In the records below, the relevant part opens with the line containing "Clipart house tornado. I spy key nebraska" and closes with the line containing "剪断施し全体に[2点セット] ひのき炭黒泉(75g×2)・信濃雪 雪豆腐(粉豆腐)(100g)"; print that part exactly and only, without its pictures.

Supplied data
━━━━━━━━━━

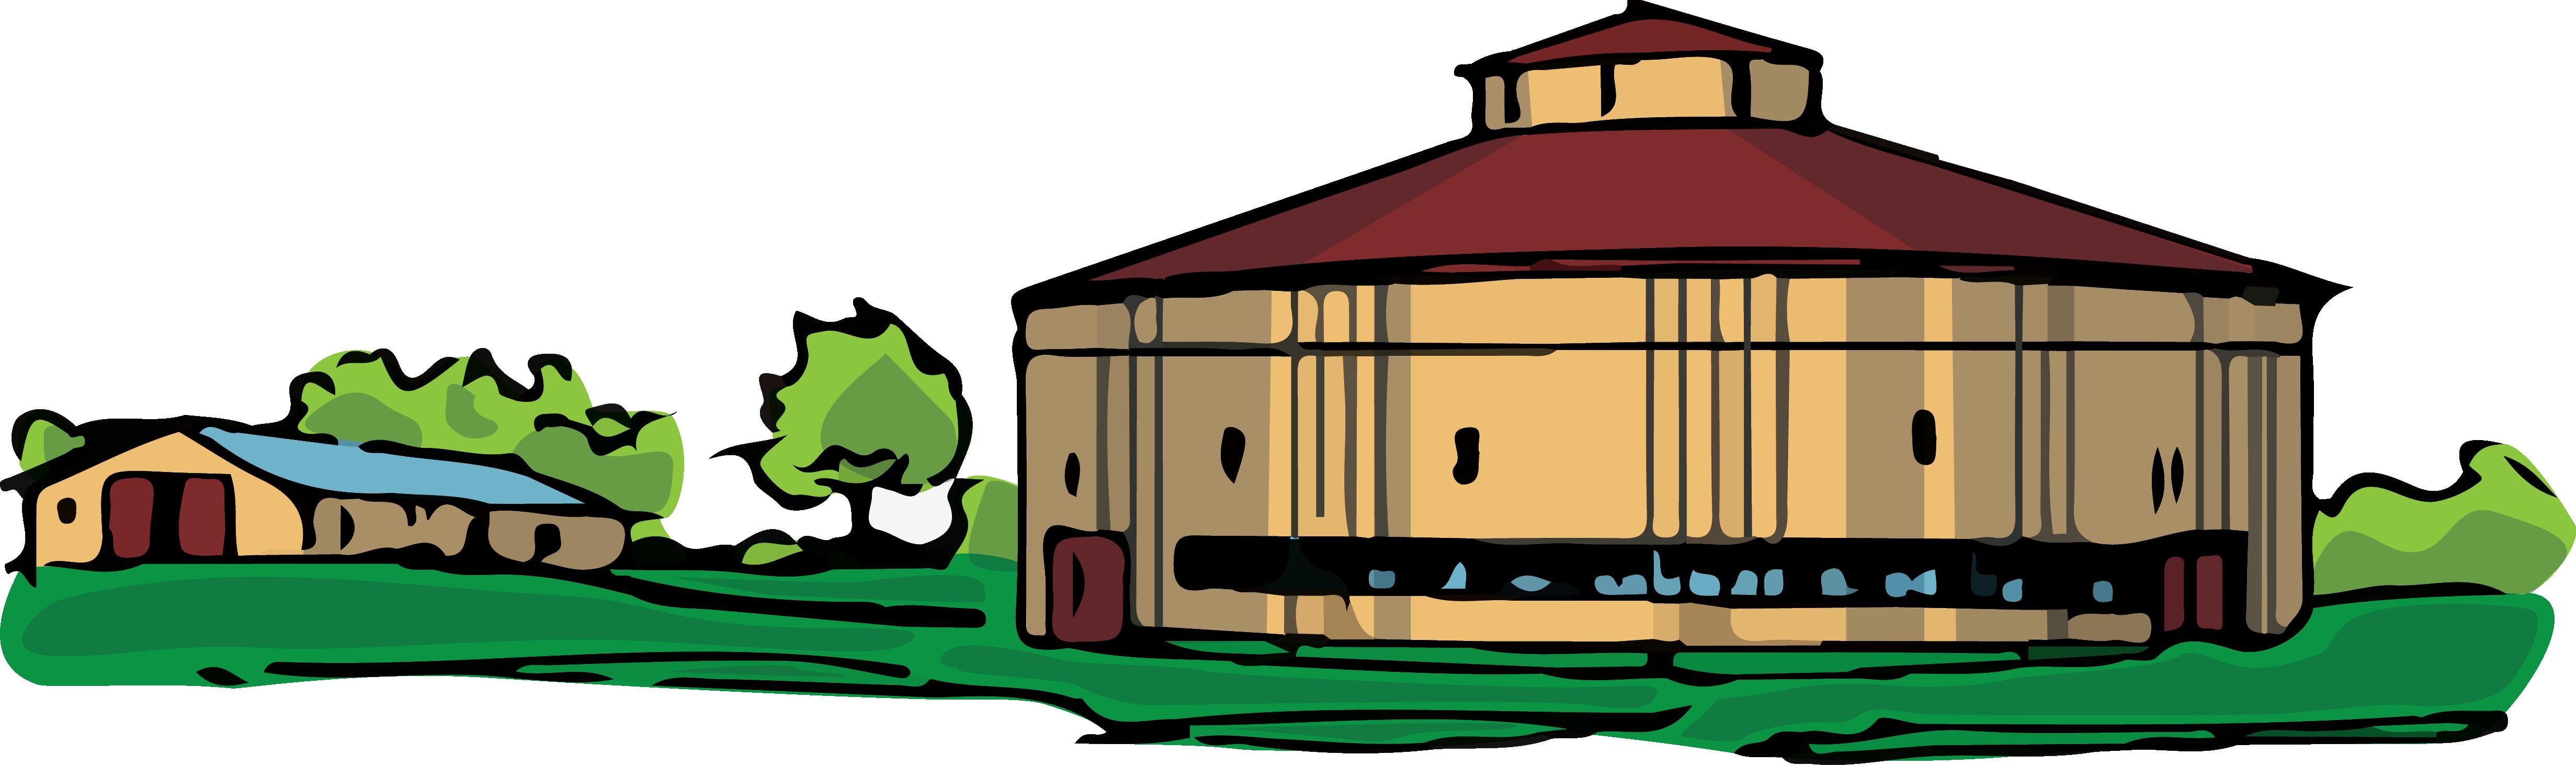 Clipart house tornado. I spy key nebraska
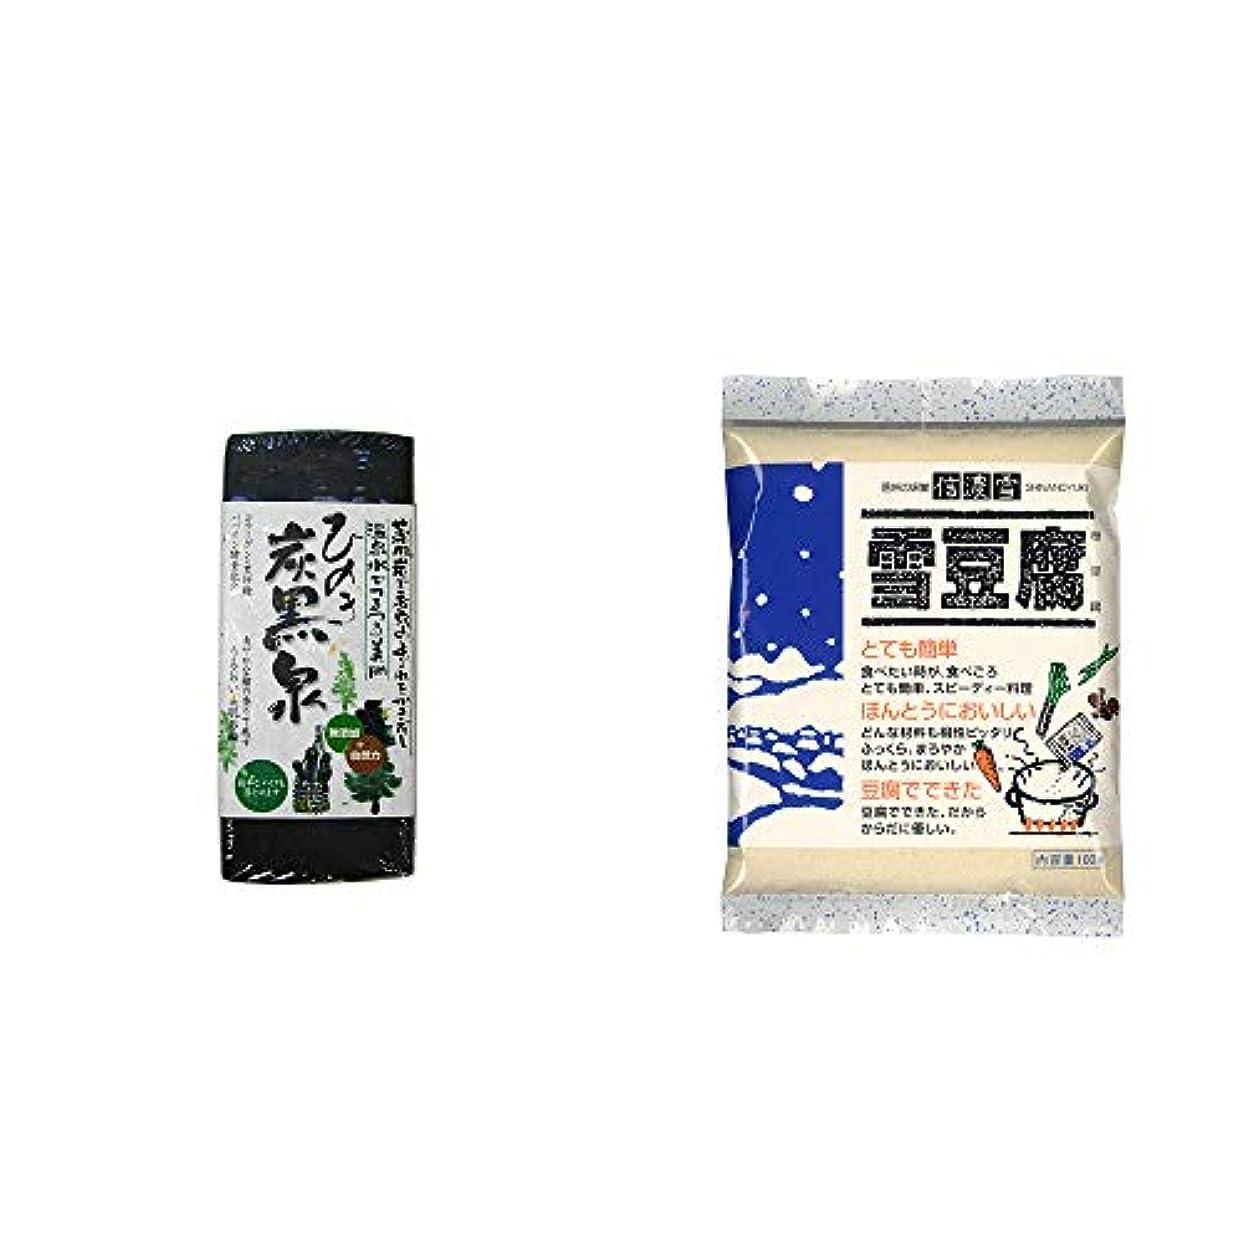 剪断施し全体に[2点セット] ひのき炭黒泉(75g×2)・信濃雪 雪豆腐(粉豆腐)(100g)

━━━━━━━━━━

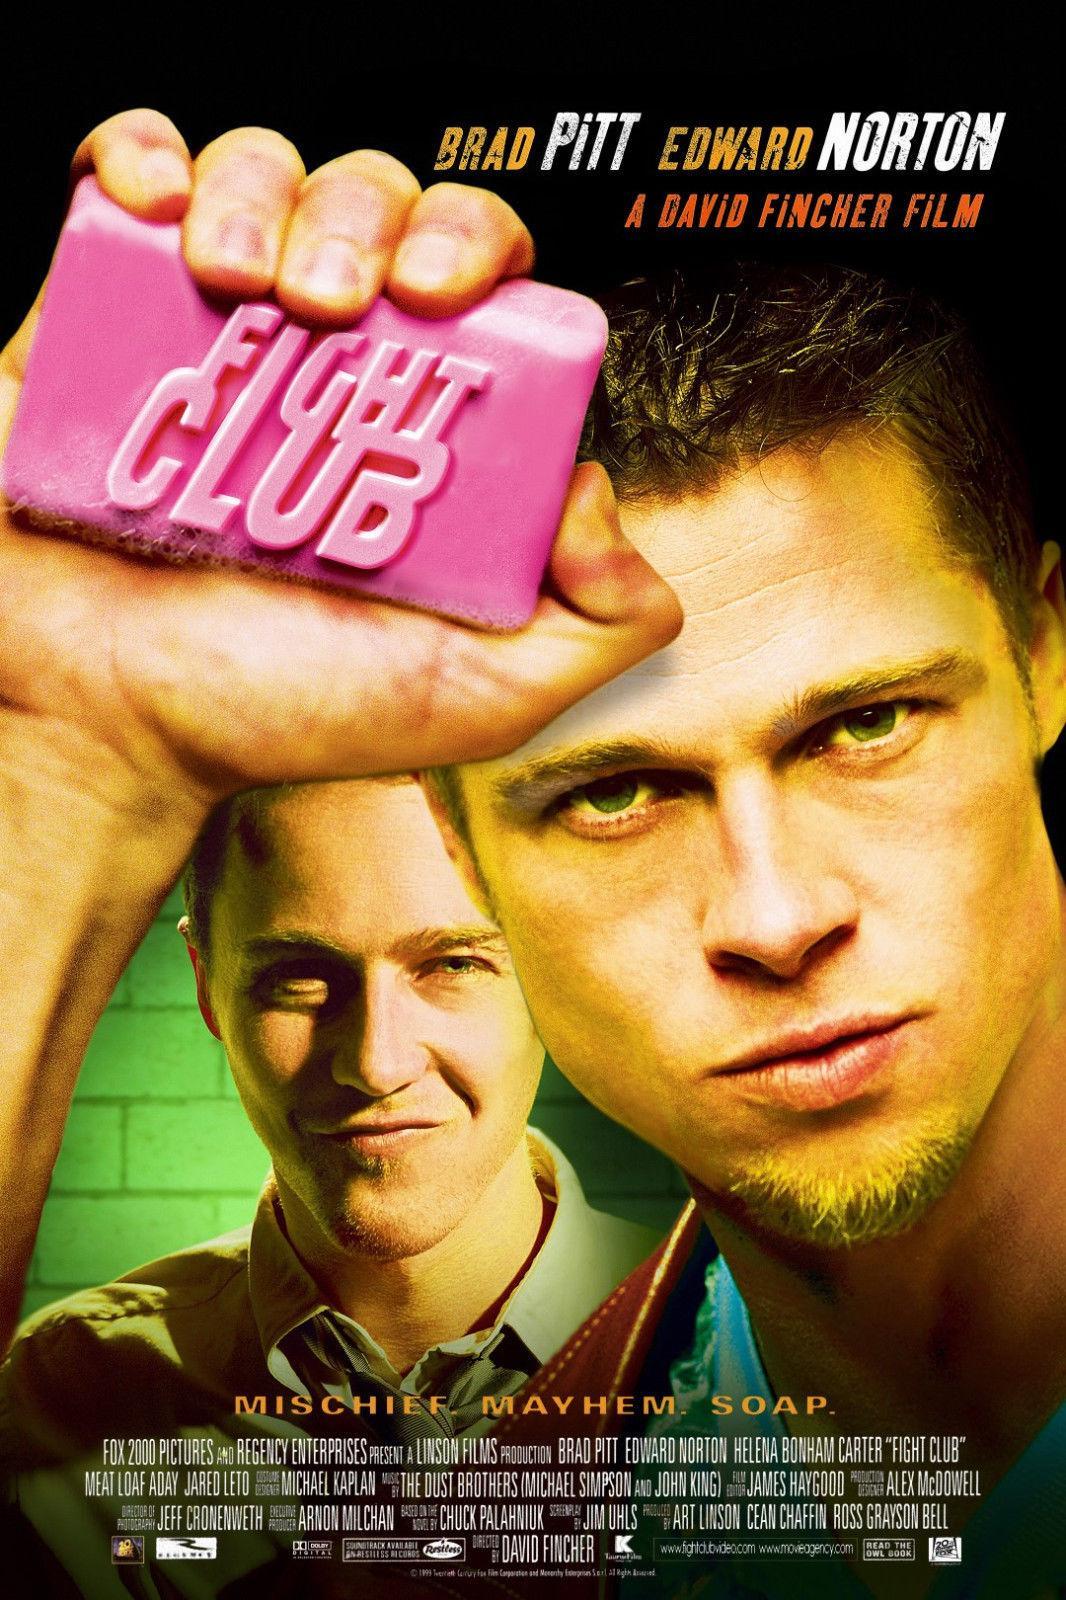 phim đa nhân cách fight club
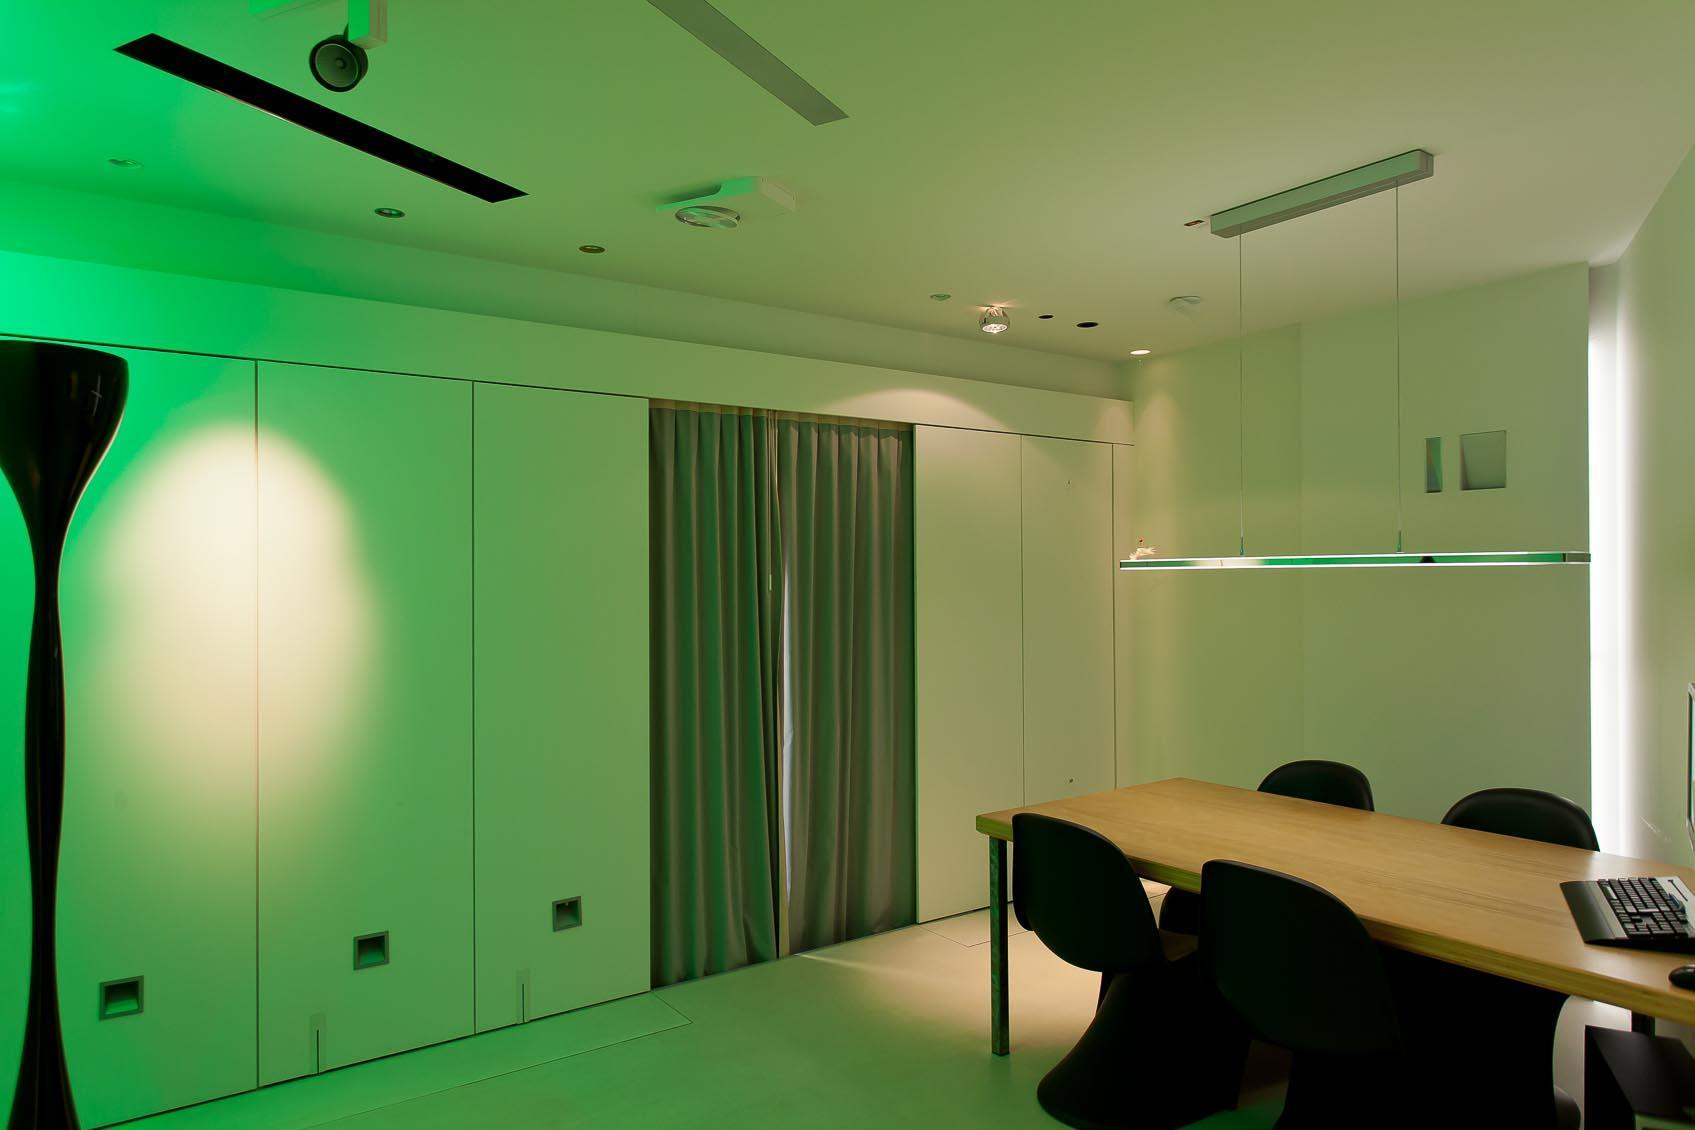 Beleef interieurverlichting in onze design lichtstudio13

━━━━━━━━━━

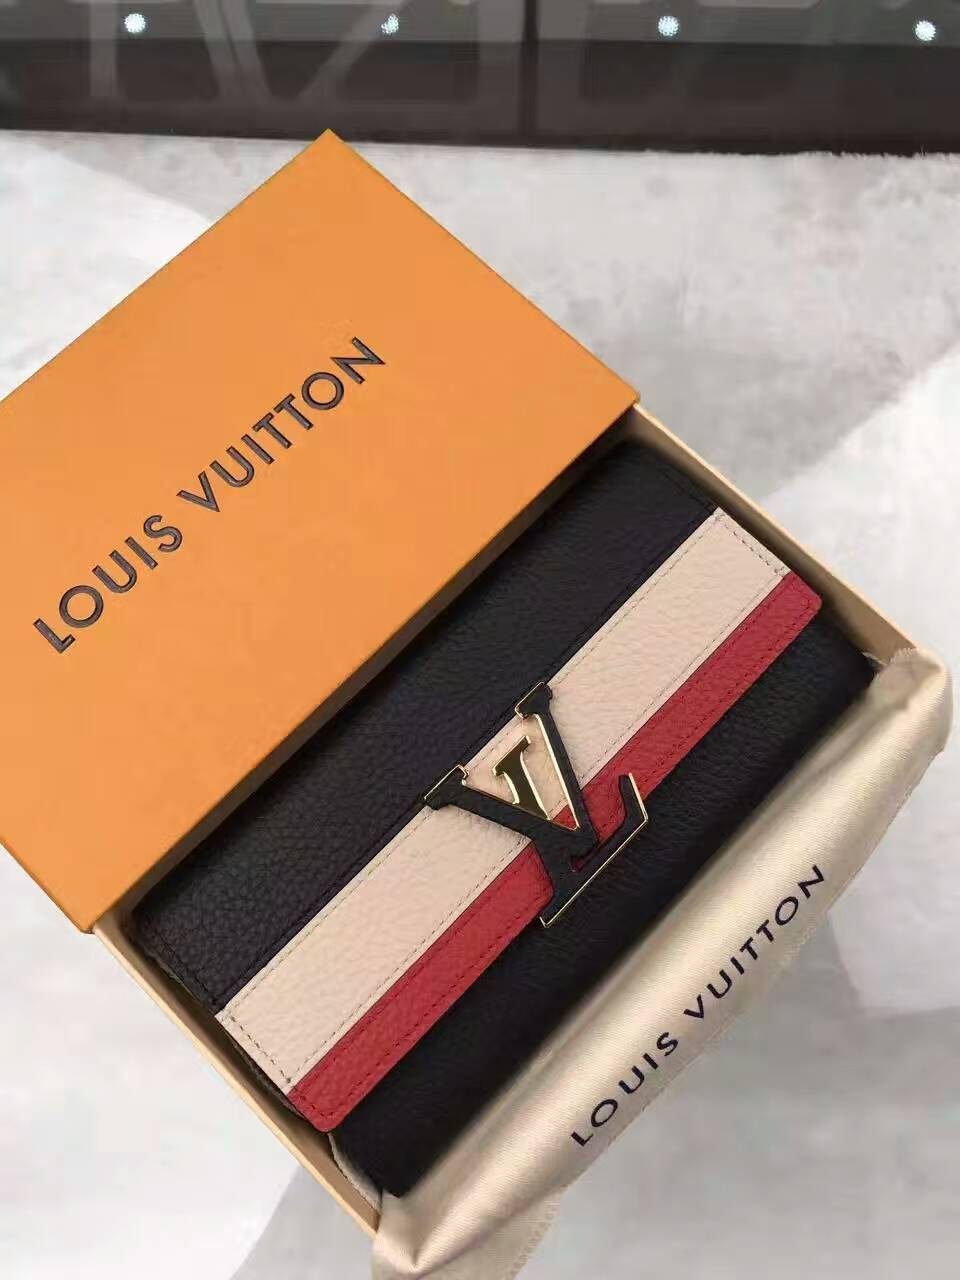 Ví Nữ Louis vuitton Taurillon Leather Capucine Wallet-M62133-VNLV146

━━━━━━━━━━

Your solution
 Clipart house tornado. I spy key nebraska
 剪断施し全体に[2点セット] ひのき炭黒泉(75g×2)・信濃雪 雪豆腐(粉豆腐)(100g)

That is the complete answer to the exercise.